The 4-Hour Workweek may, at first, seem to be a “tongue-in-cheek” book; but, in reality, it describes how one can provide broad parameters and rules of engagement in which external entities operate in a manner that delivers outcomes that suit the author: making money and freeing up his time to engage in other endeavors. This is, in this case, instructive because the author has created a solution that allows him to “play the game” of managing his businesses only 4-hours per week, determining whether the decisions that his “players” are making are creating a future in line with broad goals. This author is not, however, crowdsourcing innovation but he is creating a game that it is easy and fun to play as the business leader.

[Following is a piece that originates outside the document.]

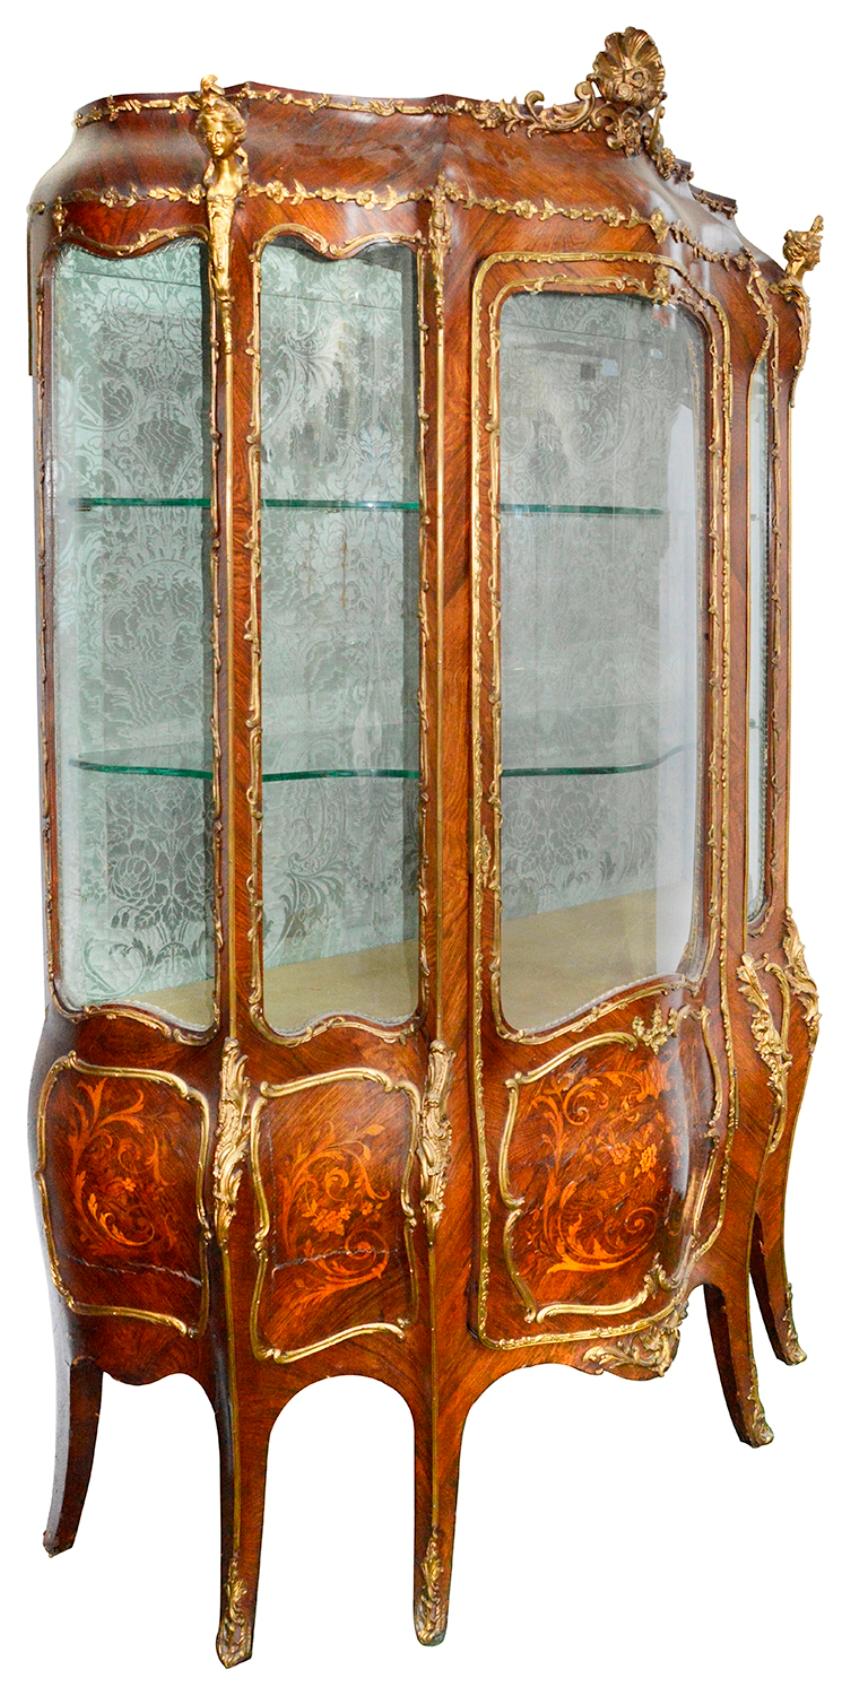 A good quality late 19th century French Marquetry inlaid bombe fronted Louis XVI style vitrine, having gilded ormolu monopodia mounts and mouldings. A single door opening to reveal glass shelves within, raised on our swept elegant legs.
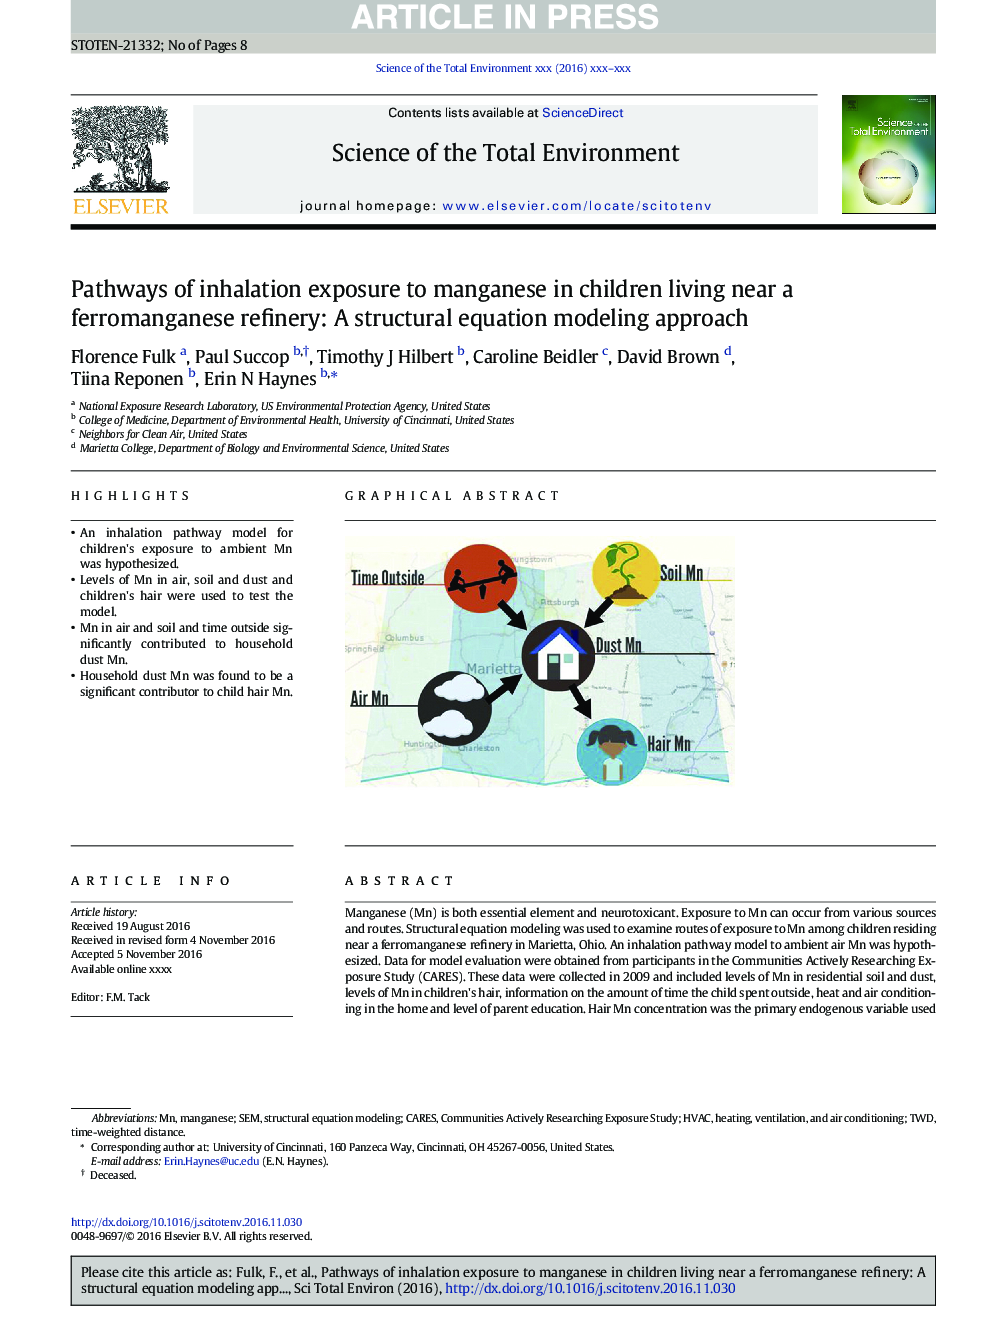 Pathways of inhalation exposure to manganese in children living near a ferromanganese refinery: A structural equation modeling approach

In neither of the previous cases are the noted businesses able to visually predict what might happen when game mechanics (the underlying rules, rewards and feedback systems of a game) are applied under differing conditions. However, that’s not to say that
I’d also like to note that our research from Linda Cohen and Gartnter’s outsourcing team further illustrates the need for EA efforts to disengage from the desires to have control over outsourced solutions and, rather, predict how the state of those decisions impacts the future state and under varying conditions in which the business finds itself. A controlled planning approach, like our traditional definition of EA, is no longer relevant under such a scenario. This requires new tools and techniques.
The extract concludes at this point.